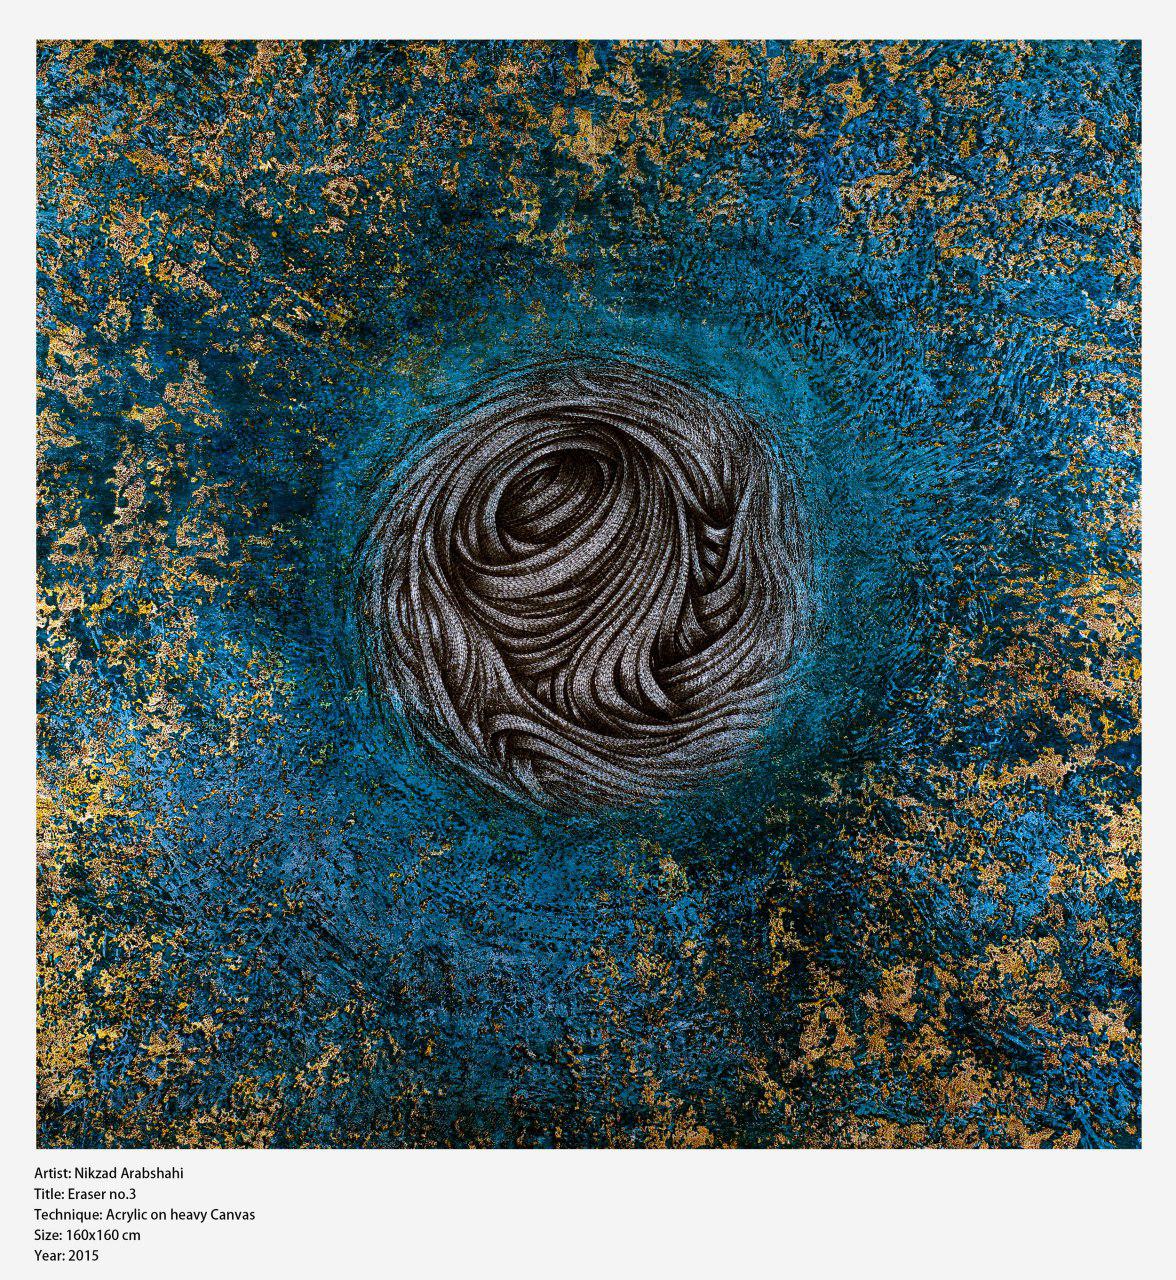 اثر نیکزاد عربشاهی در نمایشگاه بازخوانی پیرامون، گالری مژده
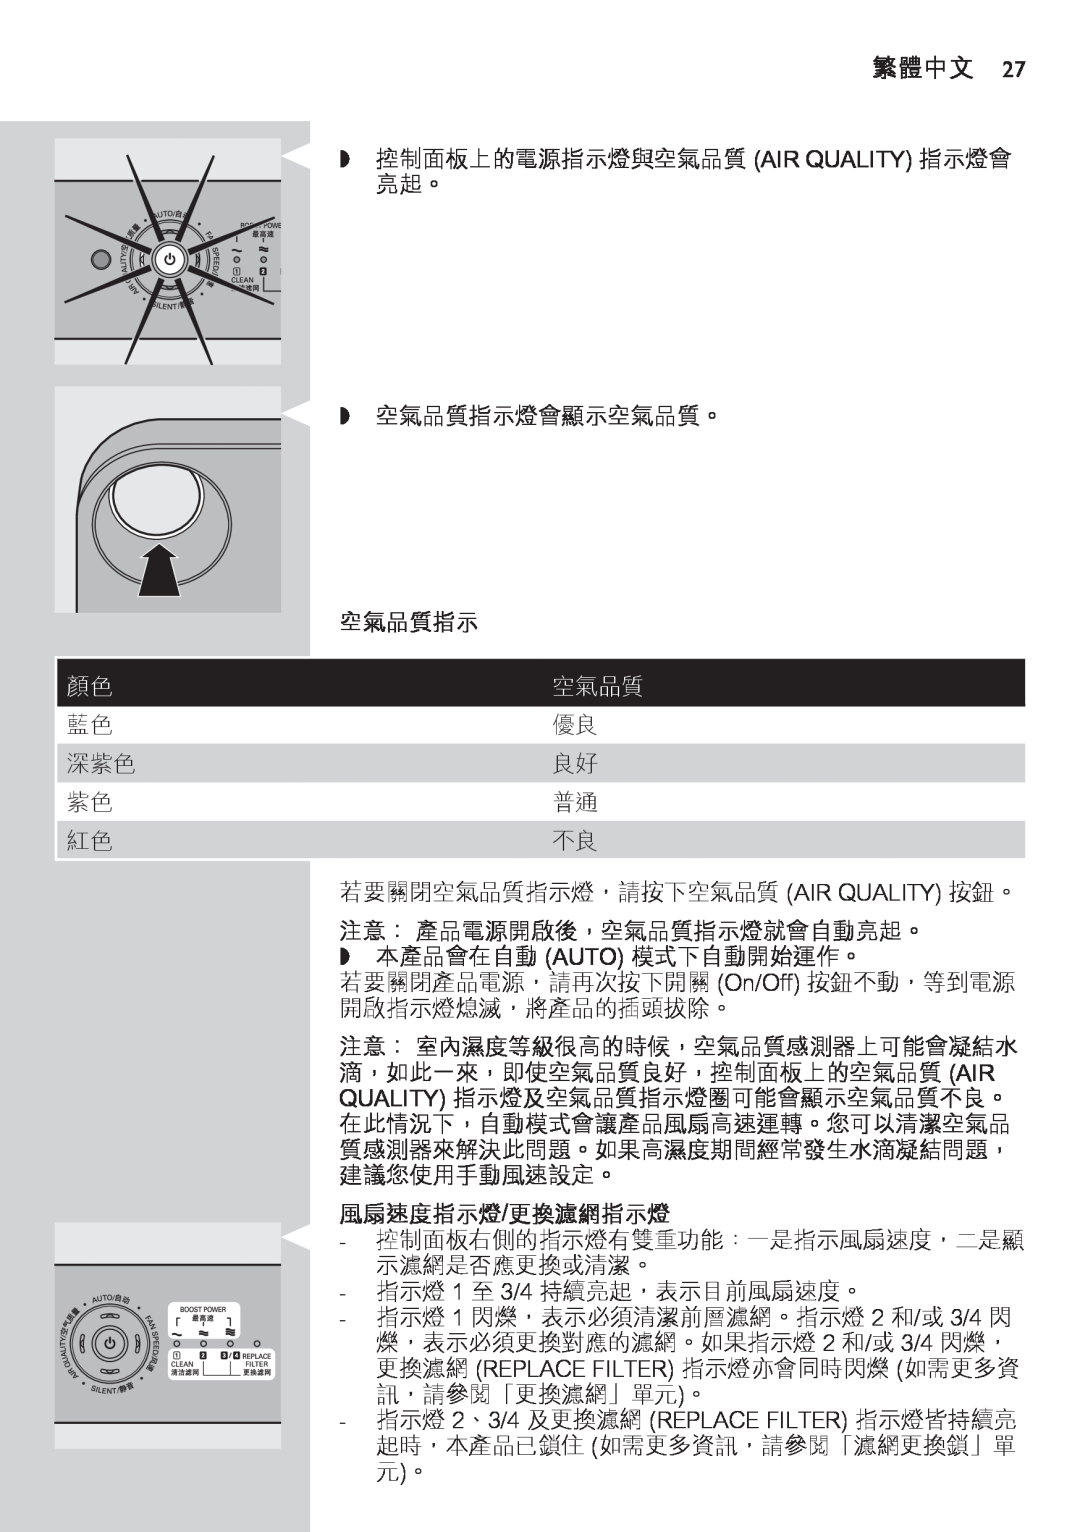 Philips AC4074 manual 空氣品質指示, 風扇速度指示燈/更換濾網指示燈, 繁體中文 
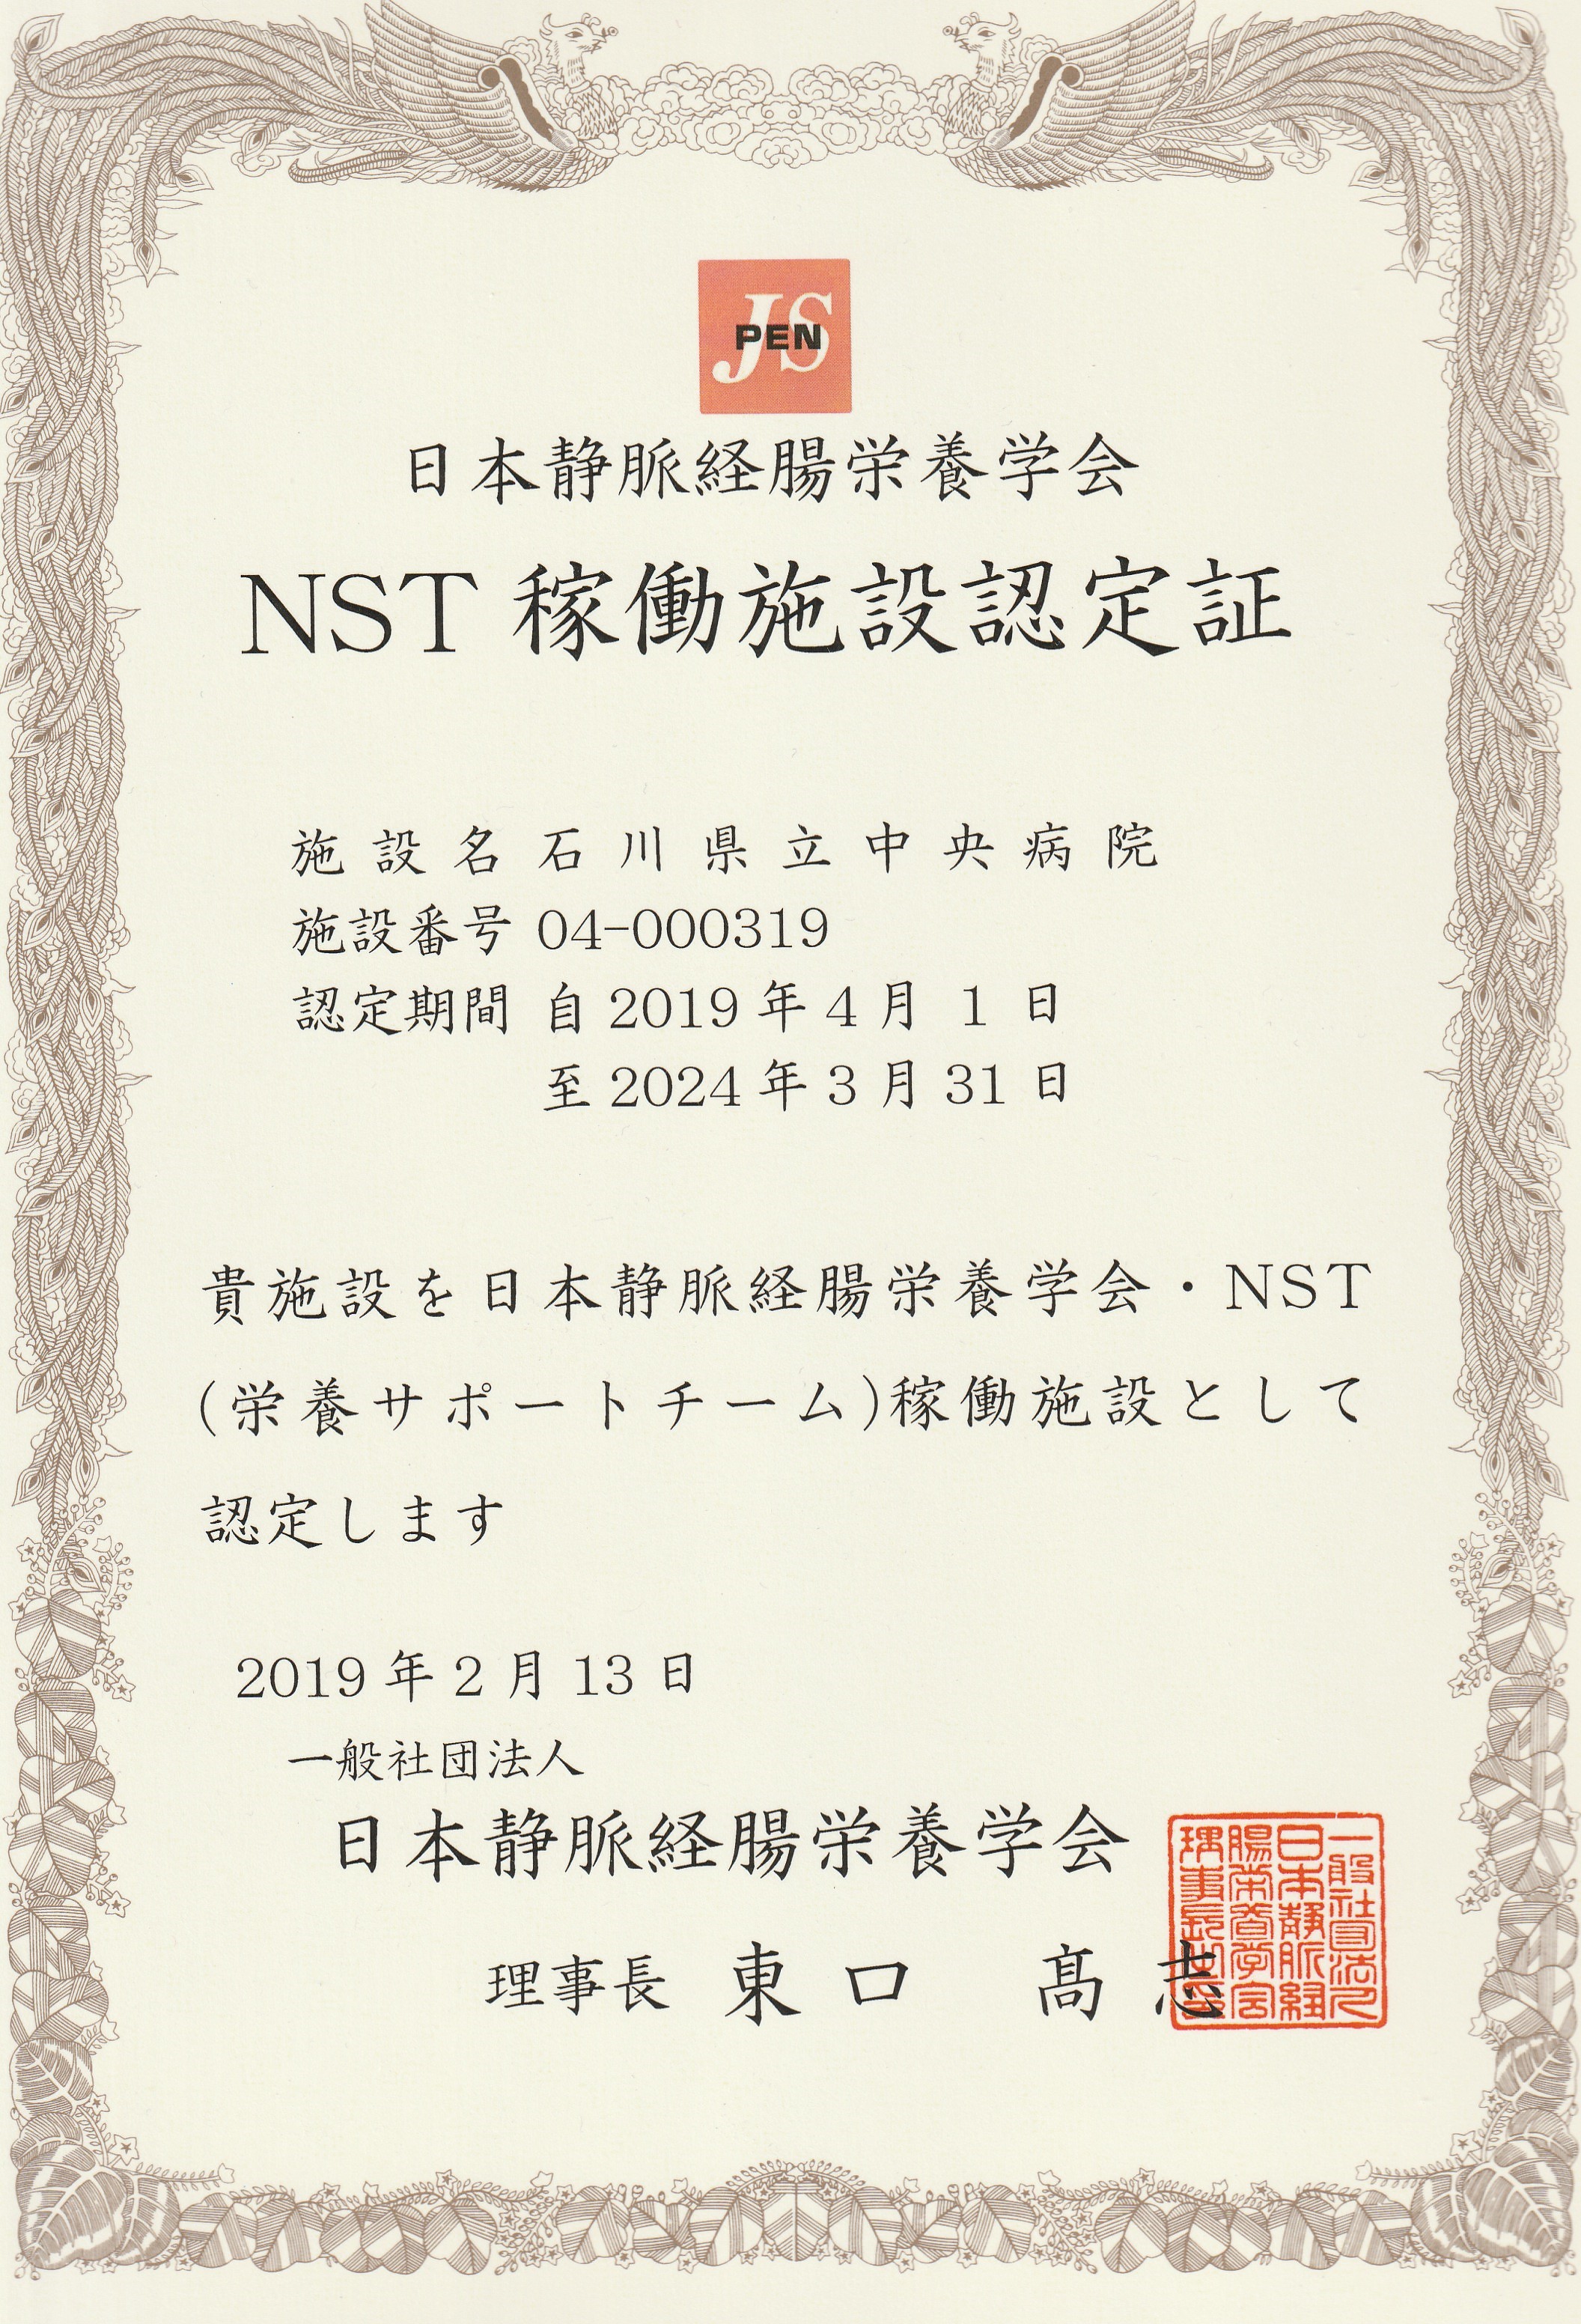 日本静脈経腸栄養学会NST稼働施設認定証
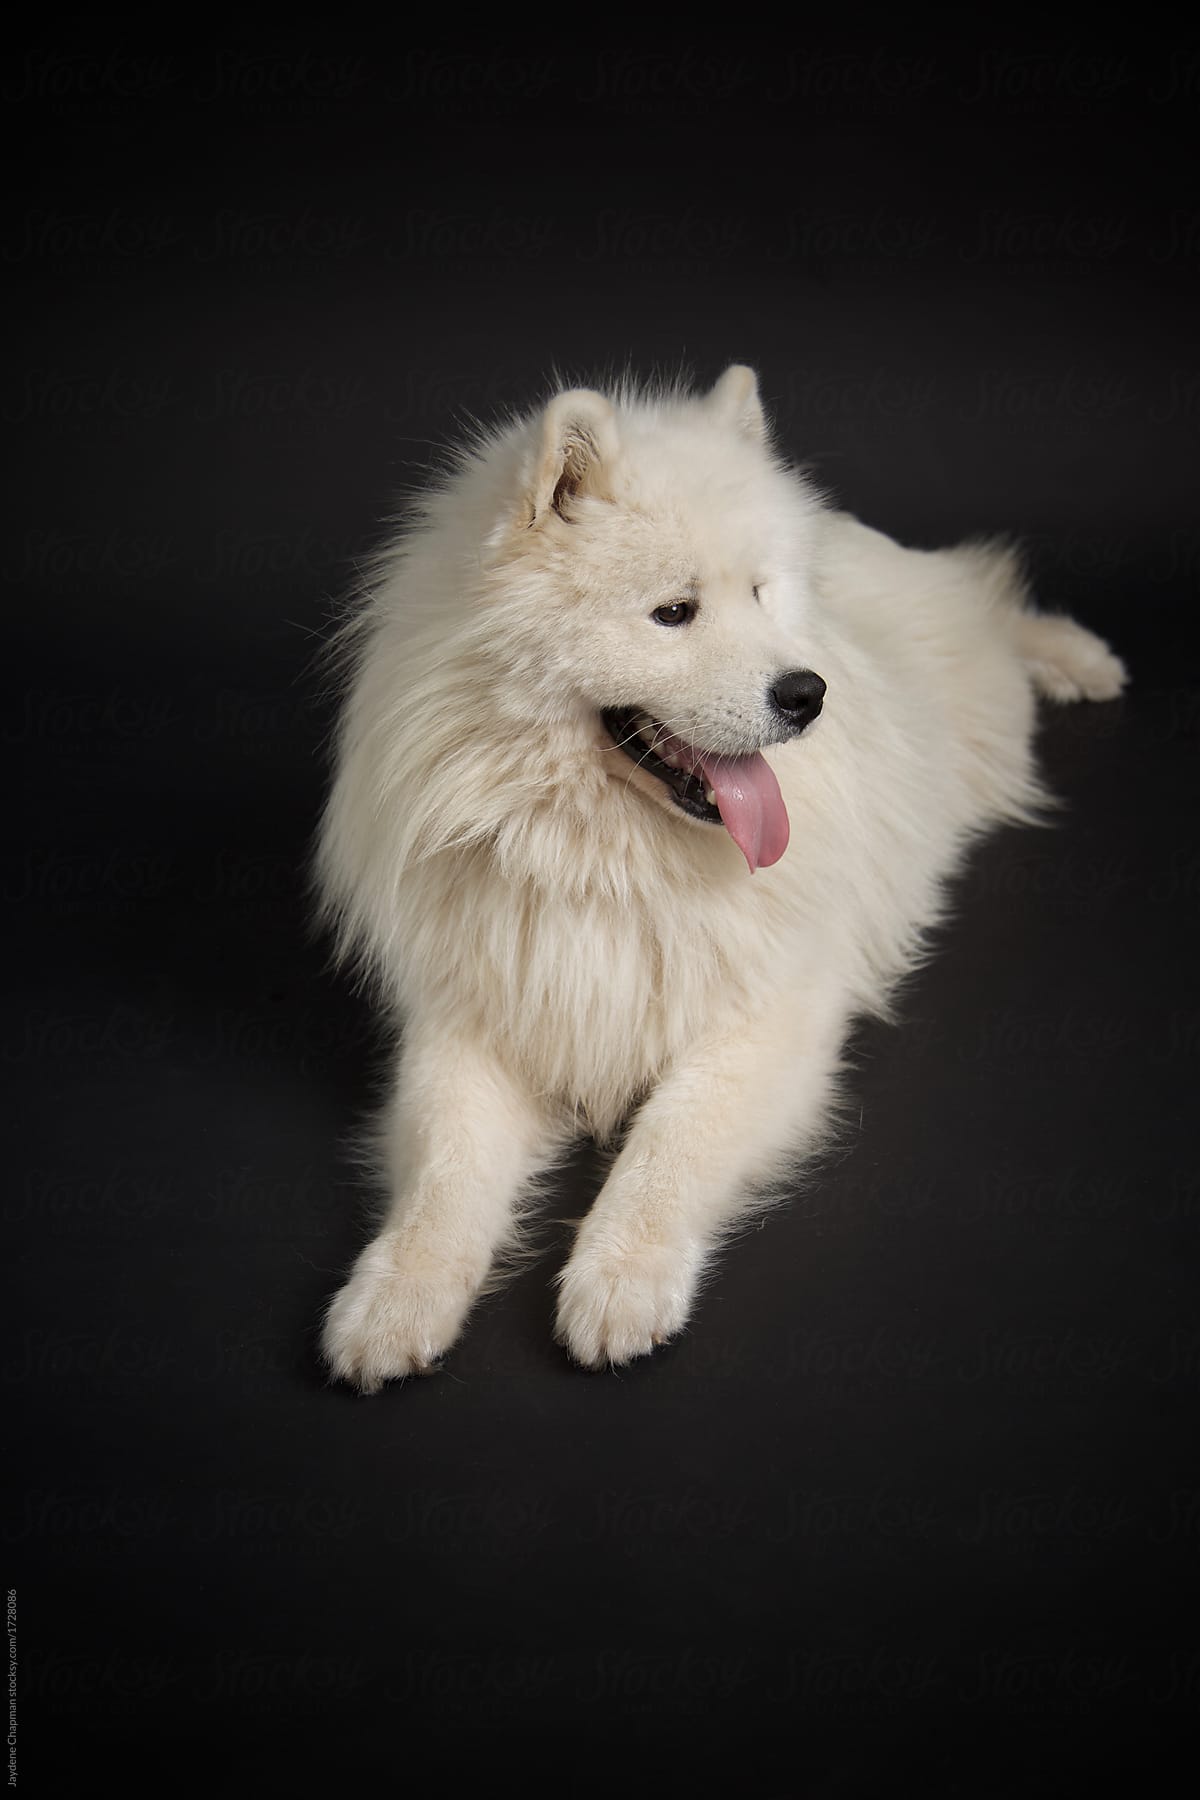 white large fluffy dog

* [EXERCISE OBJECTIVE]: Every line of the data above is to be set down word for word, with the pictures left out.

* [ANSWER TO THIS TASK]:
 اثر نیکزاد عربشاهی در نمایشگاه بازخوانی پیرامون، گالری مژده
 Philips AC4074 manual 空氣品質指示, 風扇速度指示燈/更換濾網指示燈, 繁體中文 
 日本静脈経腸栄養学会NST稼働施設認定証
 white large fluffy dog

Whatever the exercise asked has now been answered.